# sculpin streamers...deer hair or wool?



## FISHCATCHER1 (Nov 18, 2010)

ive been tying some streamers and i was curious as to which material you guys prefer for the heads? i went to schultz the other day and talked to greg senyo and he talked me into buying some of the senyo laser dub to make the heads on the sculpins and it looks awesome. yet to use them unfortunately. anyways what do you guys prefer as far as fishing them goes? the dubbing is super easy to tie compared to hair so thats a plus but what are your opinions?


----------



## troutchops (Apr 15, 2005)

I use mostly wool, but have used these sculpin heads also.


----------



## FISHCATCHER1 (Nov 18, 2010)

how does the wool sink? better than deer hair i would think


----------



## troutchops (Apr 15, 2005)

Once it gets wet it sinks and pushes a good amount of water. It can get a little heavy to cast. Whenever fishing zoo cougars (deer hair), you need a sinking line to get them down since deer hair floats, that's what gives it that good action.


----------



## rcleofly (Feb 18, 2012)

Very nice flies troutchop

Jack


----------



## Bull Market (Mar 12, 2005)

Wool or deer hair? It depends on what you need to achieve. Depending on the type of line you are using, speed of the current, length of leader, how low in the water column you feel you need to get, etc. That all comes into play. 

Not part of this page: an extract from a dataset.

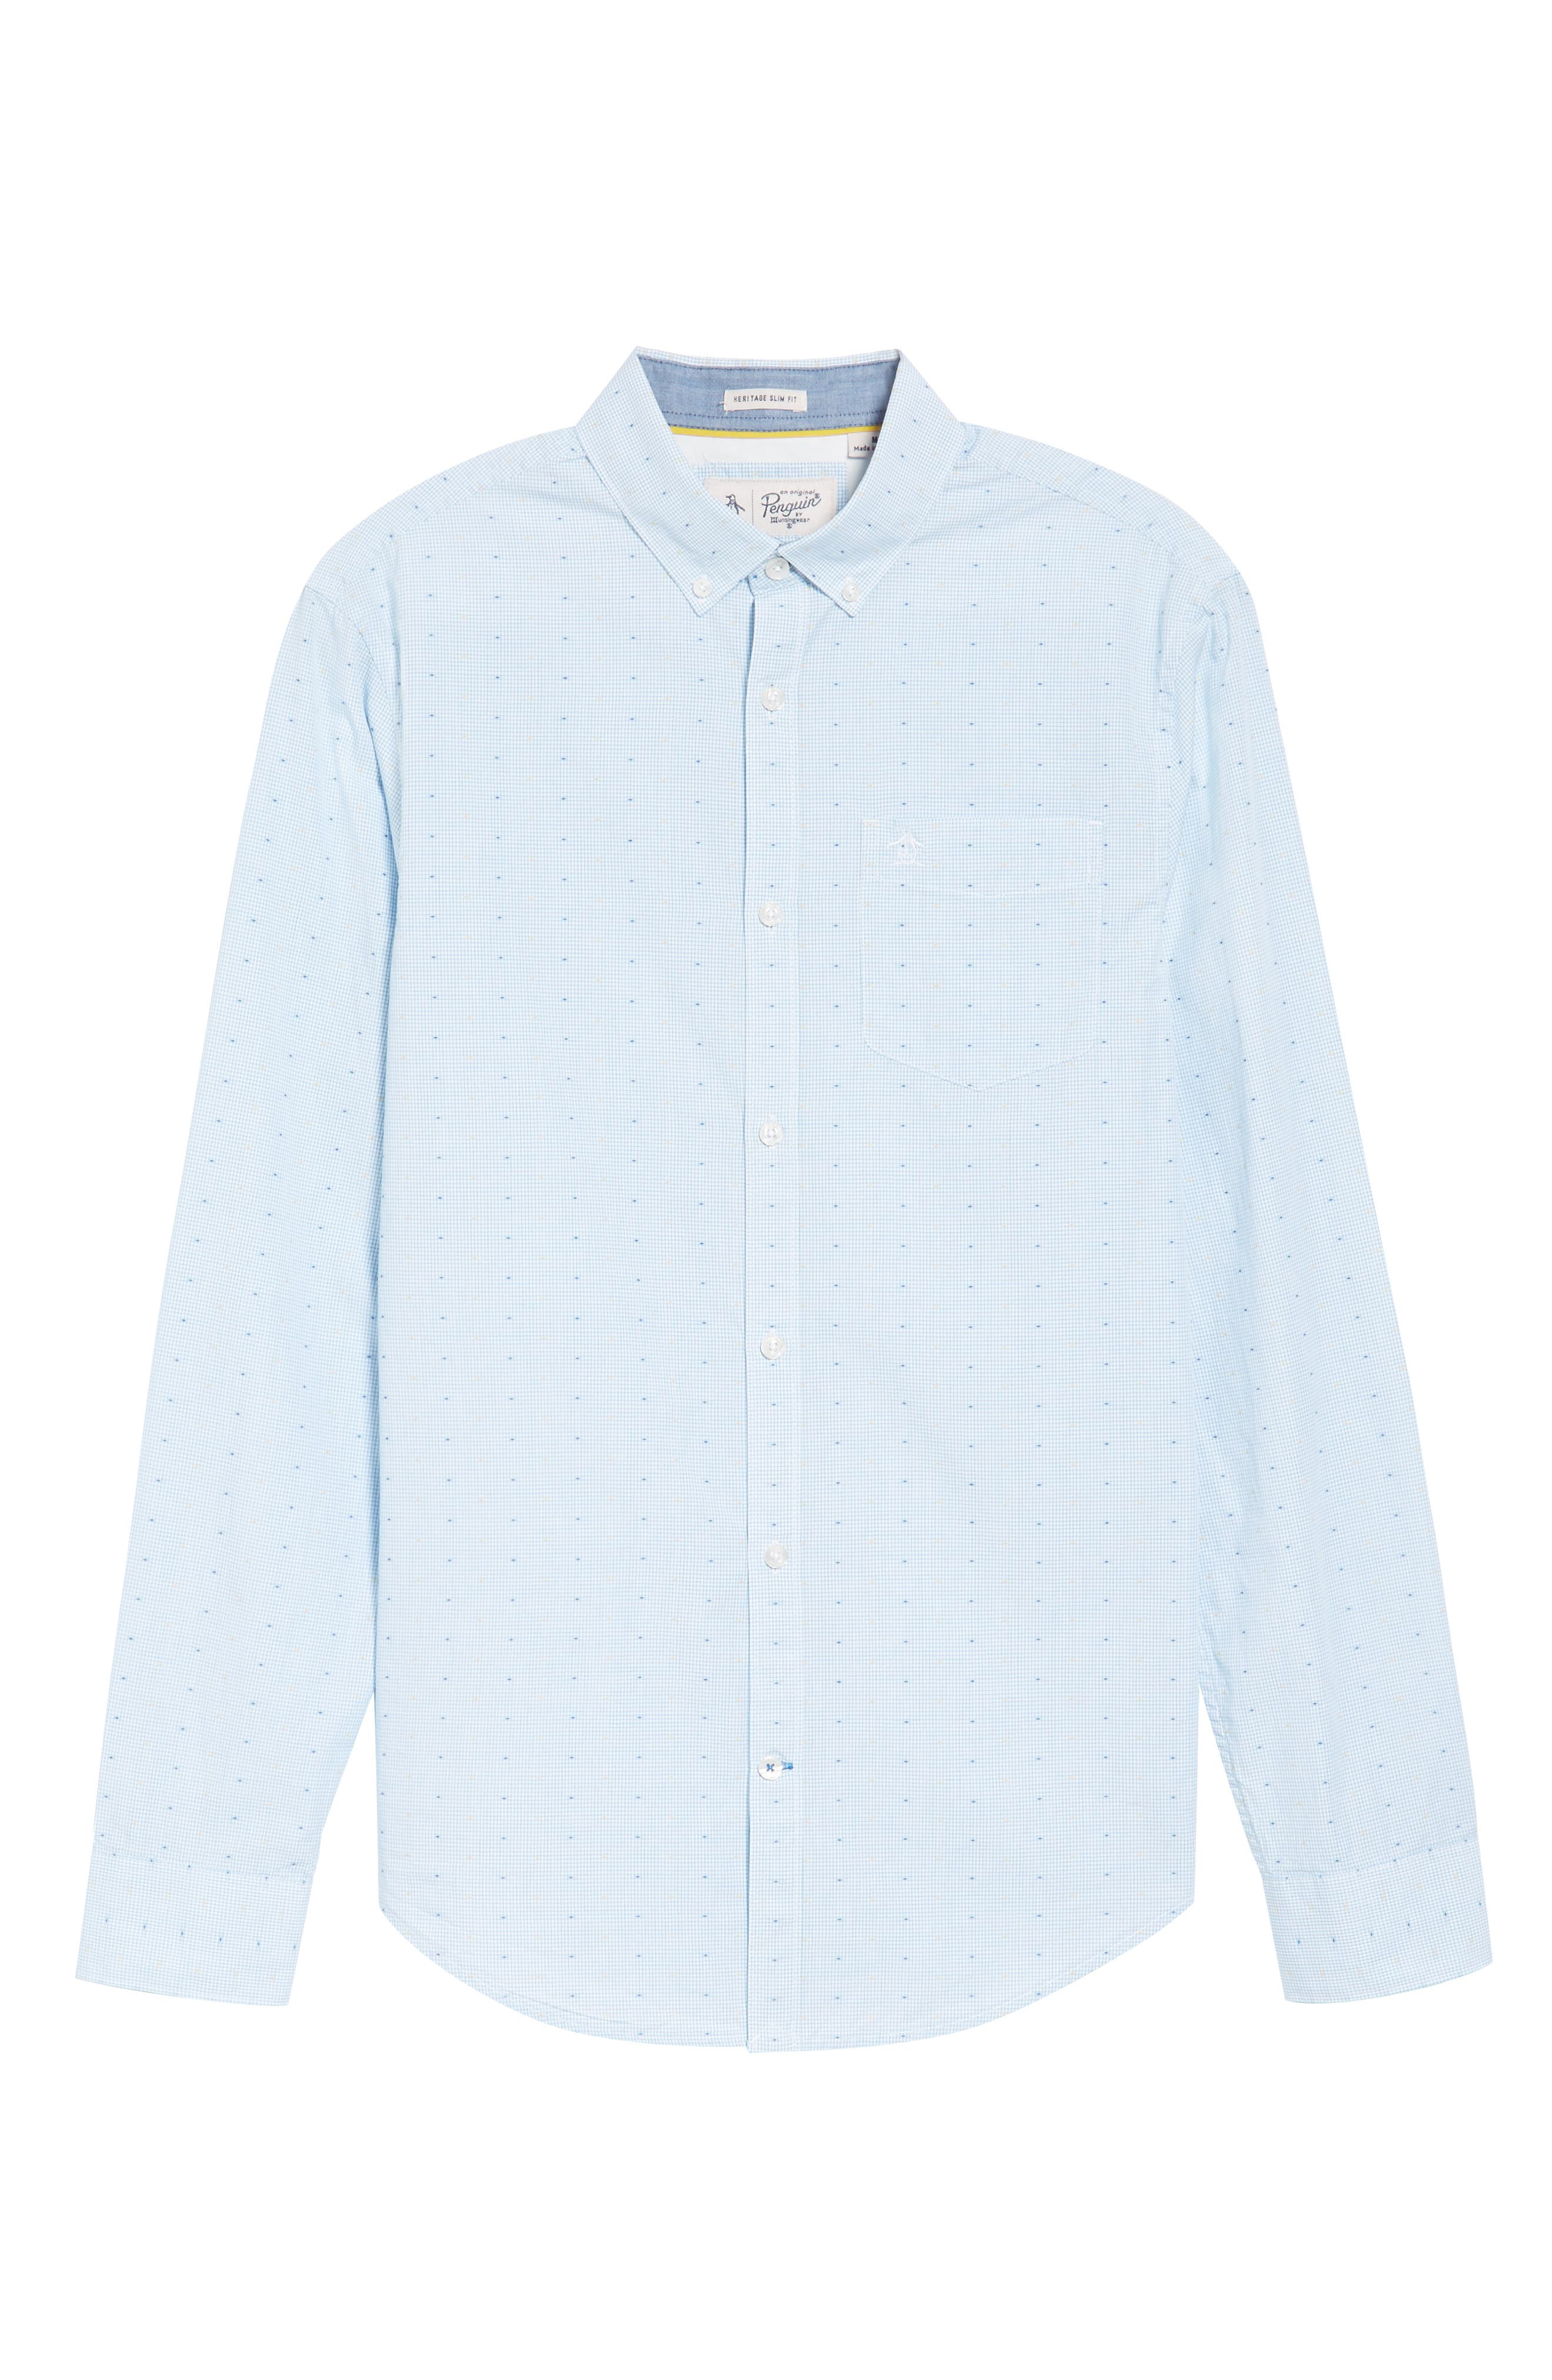 Clipped Dobby Woven Shirt,                             Alternate thumbnail 6, color,                             118

In my streamer box, I have some with spun deer hair, some with spun deer hair over lead dumb bell eyes, some with wool heads (or fox tail under-fur), some with ice dub heads. My Madonnas are spun deer hair both with and without coneheads, etc. I carry a variety of styles and weights (and flash) to suit the situation. And, I change up often, which means I carry spools tippet material. I get my fluorocarbon in two-hundred yard spools, (8#, 10#, 12# and 15#) and keep replenishing my tippet spools as necessary. 

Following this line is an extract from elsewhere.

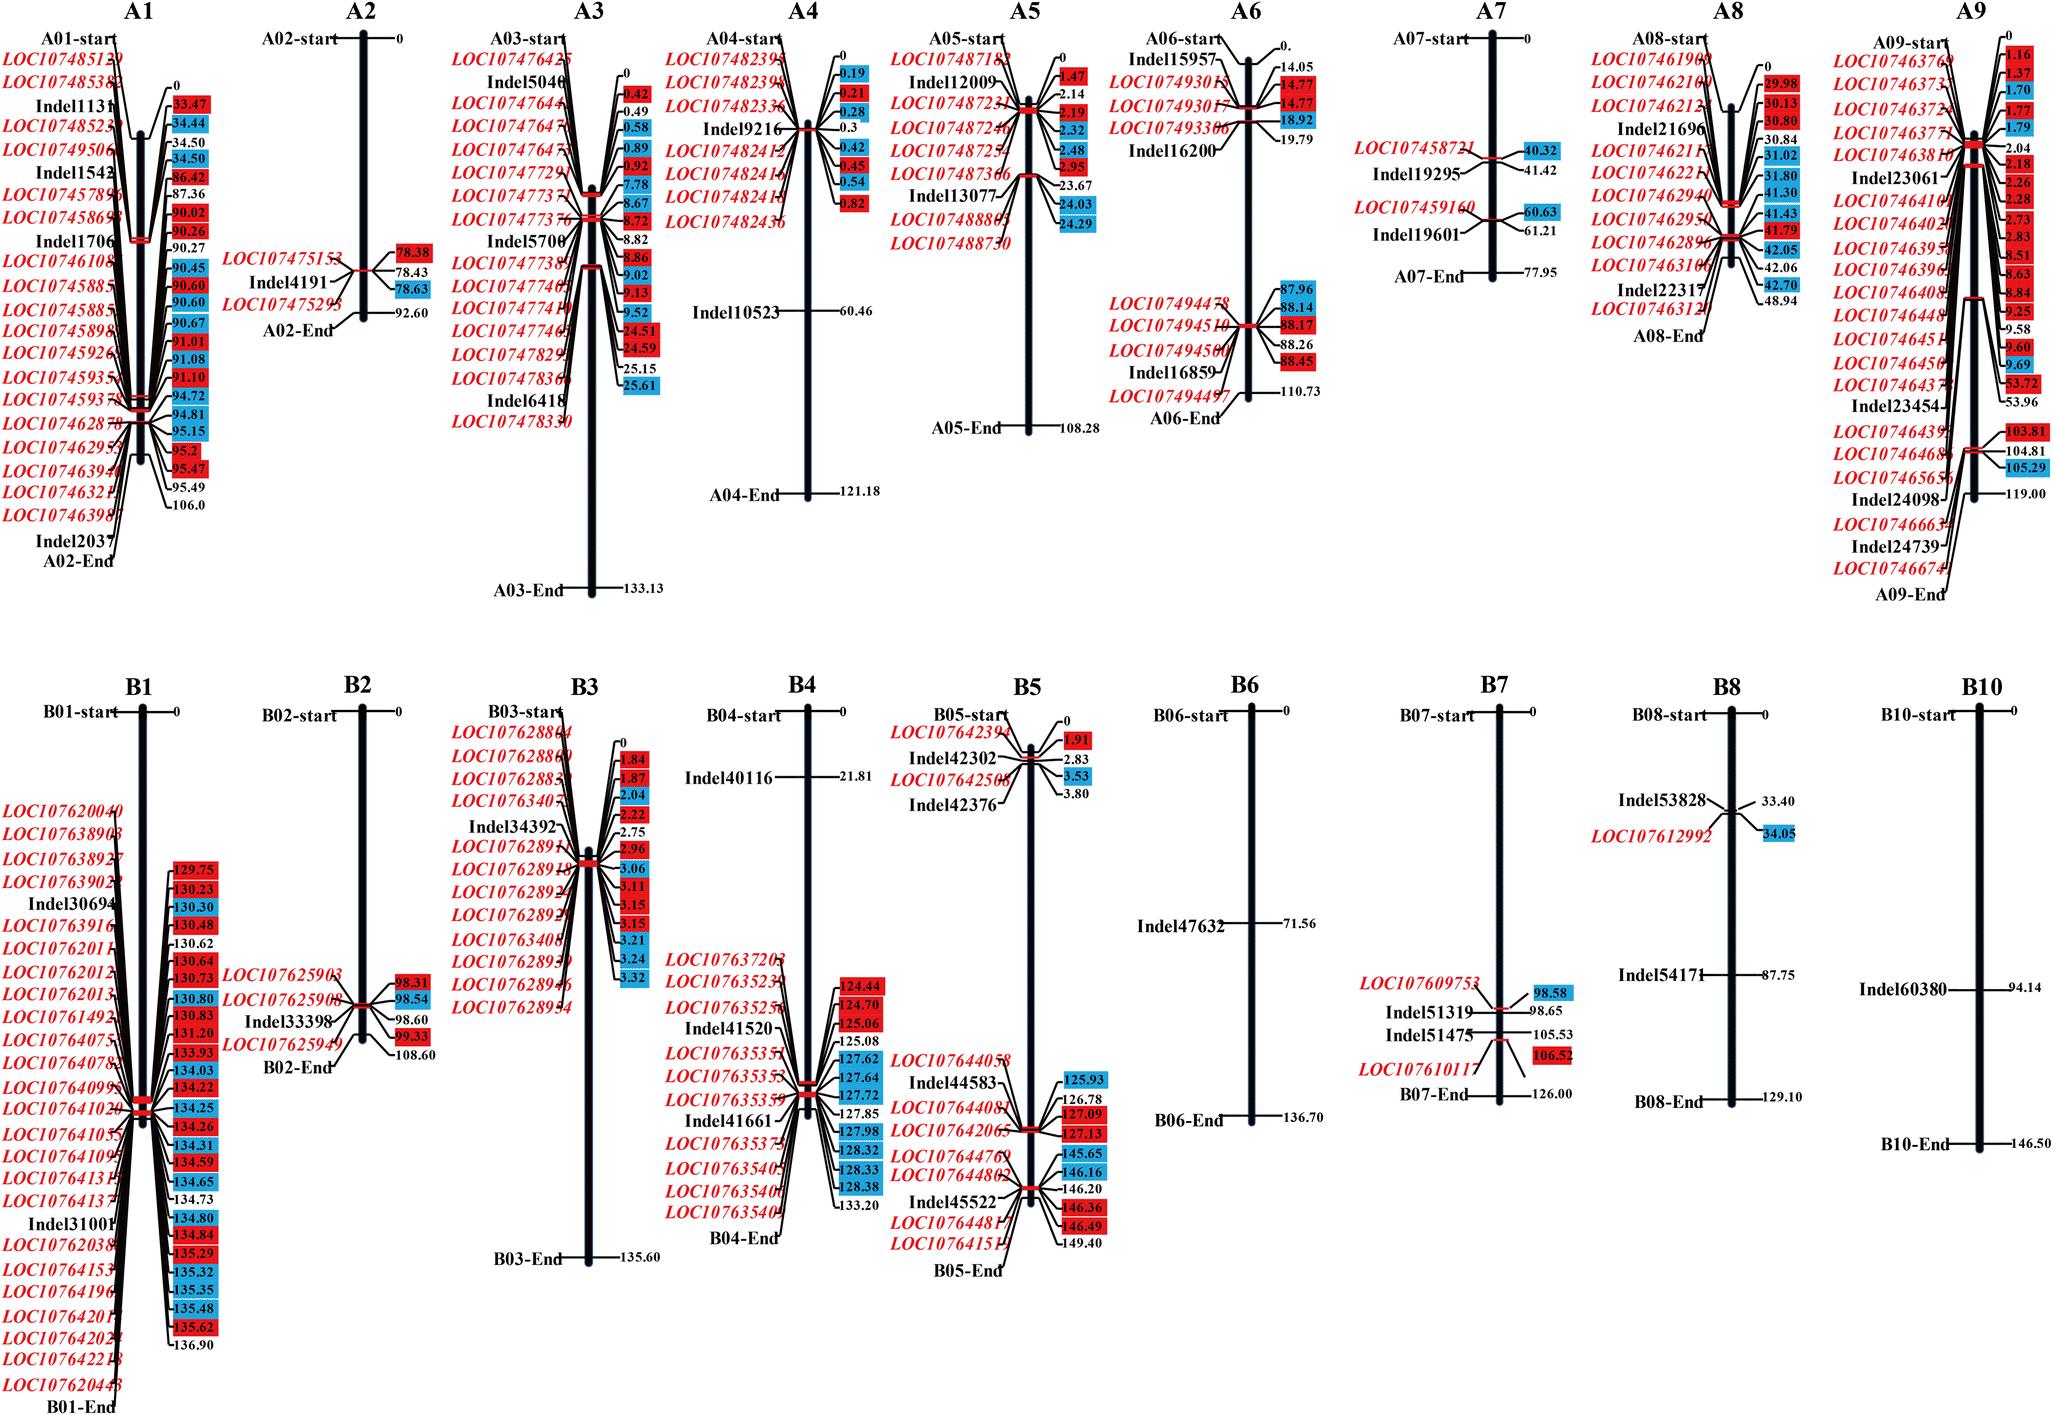 Genomic and Transcriptomic Analysis Identified Gene Clusters

So, in my opinion, "it depends".


----------



## Dave (Mar 31, 2000)

I use wool on all my sculpins, it dose sink better then deer hair. The only streamer I use deer hair on are my Zoo Cougars. At times I add some led to the shank of the hook, maybe 6 turns of .015 to my streamers.


----------



## twowack (Dec 21, 2010)

I like to use wool,craft fur, deer hair,hair off of stuffed animals,and anything else that I can find,it all works for me.Good luck!


----------



## FISHCATCHER1 (Nov 18, 2010)

thanks for all the replys guys. i guess i just need to get out there and fish....but this whole work thing really screws up my fishing...


----------



## rcleofly (Feb 18, 2012)

FISHCATCHER1 said:


> thanks for all the replys guys. i guess i just need to get out there and fish....but this whole work thing really screws up my fishing...


Amen to that homie!

Jack


----------



## Boozer (Sep 5, 2010)

I like using craft fur, it spins just like wool will and to me a better action and a lot more color choices...


----------



## abbatoys (Sep 3, 2005)

I can't work deer hair period. I have really been using Rams Wool on most of my sculpin / leech streamers. I guess it doesn't much matter, fish don't like anything I throw at em..lol


----------



## Chromedoggy (Mar 25, 2007)

Deer Hair for stripping
Aussie Possum for swinging
ONLY use Laser Dub if you want an unfair advantage over the rest.


----------



## djweiser (Jun 2, 2009)

I fish both and carry both. You can get the deer hair to float and get the Hawgs to come to the surface at night. Wool sinks like a rock when its wet; so does deer hair after it gets saturated. I guess it all depends on what you want to do. I also like the new lead heads for deep water exploration.


----------



## rcleofly (Feb 18, 2012)

I've been playing with the new lead heads a lot. Fun to tie with. I have a deer hair streamer that I love to strip on the surface in the rain. I call it my rainy day sculpin. Works very very good for browns. 

Jack


----------